Today was been a hit and miss day. She vomited earlier, which, when there's a tube in your mouth, isn't a good thing. Nurse was just walking in the door, as I was standing up to see what was going on. Immediately the room was full, four nurses, about 1/2 dozen doctors on rounds. Had to catch myself from rushing to Sarah's aid... natural instinct. Not much I could do in a situation like that when there's so many trained and experienced people in the room, so I made myself very small, leaning on the window sill.

The ICU director made the comment of, "Sarah's wanting to be difficult..." All I could do was smile. Of course, she is! Something like this can't be easy, otherwise she wouldn't be Sarah! :D

Since then, she's spiked a pretty severe fever. Jury's still out what could be causing it, the cultures take time to grow, so it could be a day or two before we know if there's an infection. White count went up a bit, but not much. They immediately hung a new bag of antibiotics.

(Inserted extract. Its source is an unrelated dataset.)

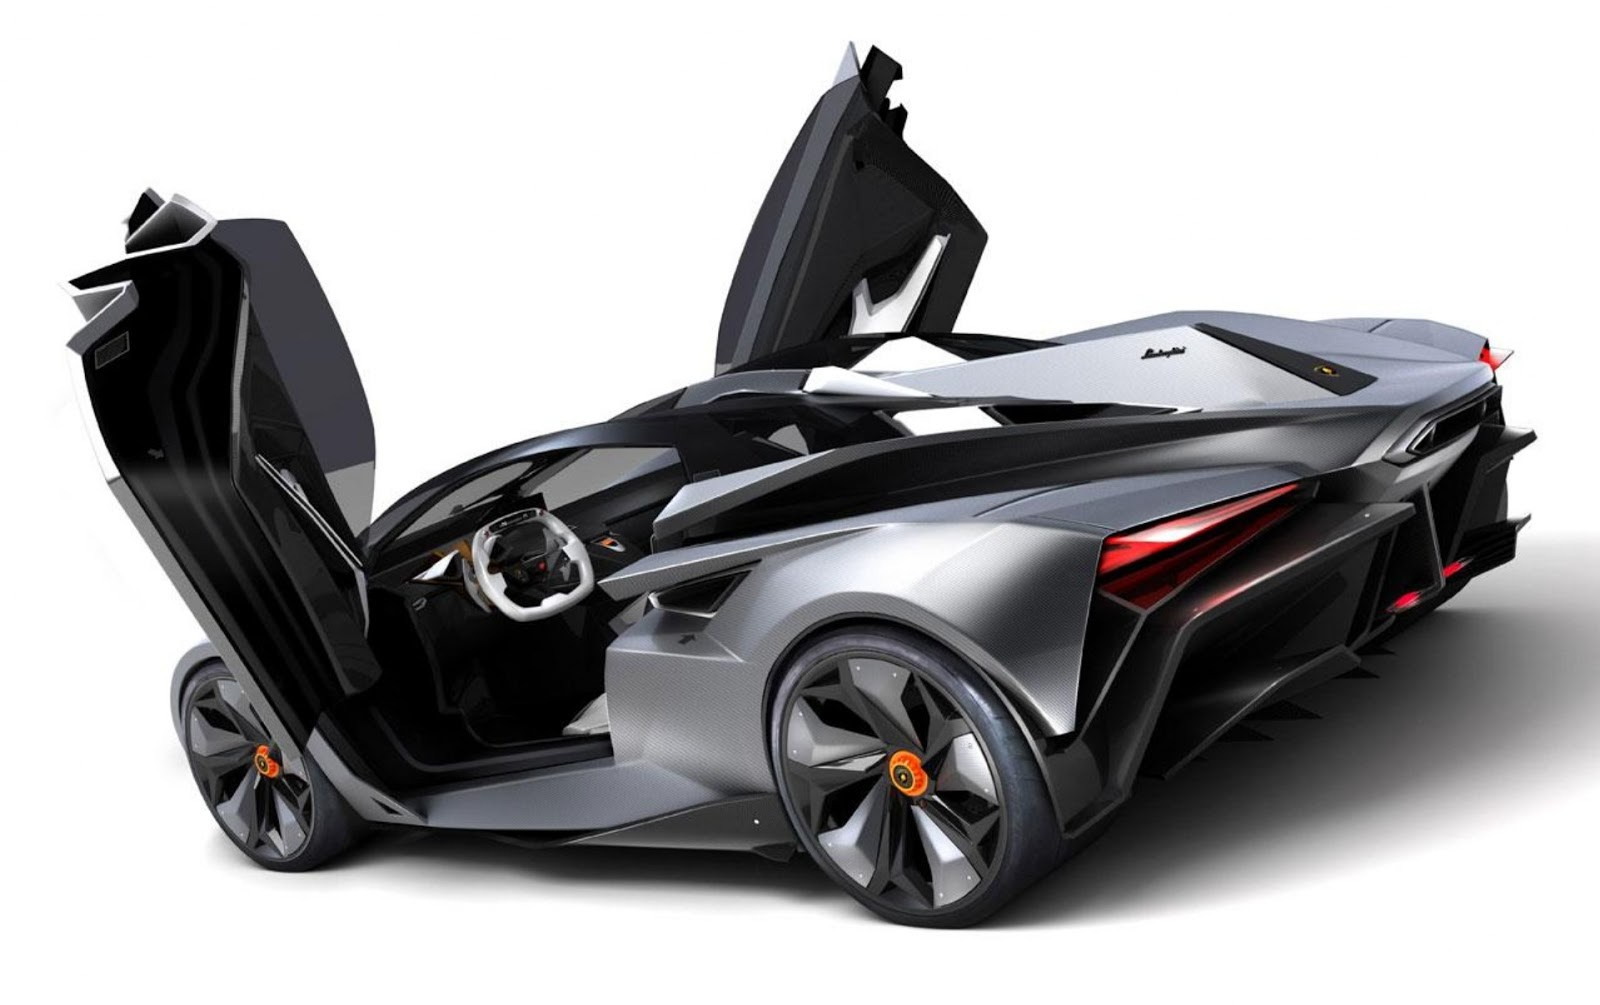 La future Lamborghini Cabrera en vidéo

MRI's were done last night. Neuro-surgeon came by today to explain what he saw. Swelling's coming down on the stem - good thing. The blood is still in the area of the tumor - not so good thing. She had two extra-ventricular drains (EVD) to help with the blood. She popped one out the other day and the second one clogged. They replaced the clogged one tonight. So far it's drained a lot. If it becomes clogged again, then they're talking about putting in a permanent shunt. She had two put in during the original biopsy, but one was clogged and taken out during the tumor removal. Chances are the second one is clogged, too.

The MRI also showed what appears to be permanent damage on the occipital lobe. Nothing extensive. The neuro-surgeon believes she'll loose a bit of peripheral vision on her right side.
 
Thank you for the update and stay strong more prayers for you,Sara and family
 
Another little set back today. Turns out the lower part of her right lung was collapsed thanks the pneumonia. Doc stuck a suction tube in with a camera to - as the doc put - "Hoover her out." Then they took a saline solution, washed out the lung and vacuumed that out, too.

Seems to have helped. Over the past week or so her heart rate has been in the 50's and 60's at rest. After this her heart rate has been in the 70's and 80's.

Looks like the new EVD is doing it's job, too. A lot more drainage going on today from the area the tumor was compared to the last couple of days.

Here's hoping we can get her body over the hump from this and allow her brain to start healing properly. She's in a fairly new unit, neuro-ICU, and it's run by the docs who are used to running the burn/trauma unit right next door. They aren't used to having to set their treatment plan based off the treatment plan of another doctor. As her attending, the neuro-surgeon is the one setting the treatment plan.

One of the "complaints" that her neuro-surgeon has is trying to convince the burn/trauma doctors that the body is all one unit, that the setbacks with the body are having an effect on the healing of the brain.
 
Thank goodness you have the patience to deal with the doctors and all of the behind the scenes crap... It's definitely not easy!

While I've never been through anything so major, I have been there too many times. My wife has had 11 surgeries and a heart attack scare in the 20+ years we've been together.

Hang in there. Hopefully she'll be back home with you very soon!
 
ab7fh said:
Thank goodness you have the patience to deal with the doctors and all of the behind the scenes crap... It's definitely not easy!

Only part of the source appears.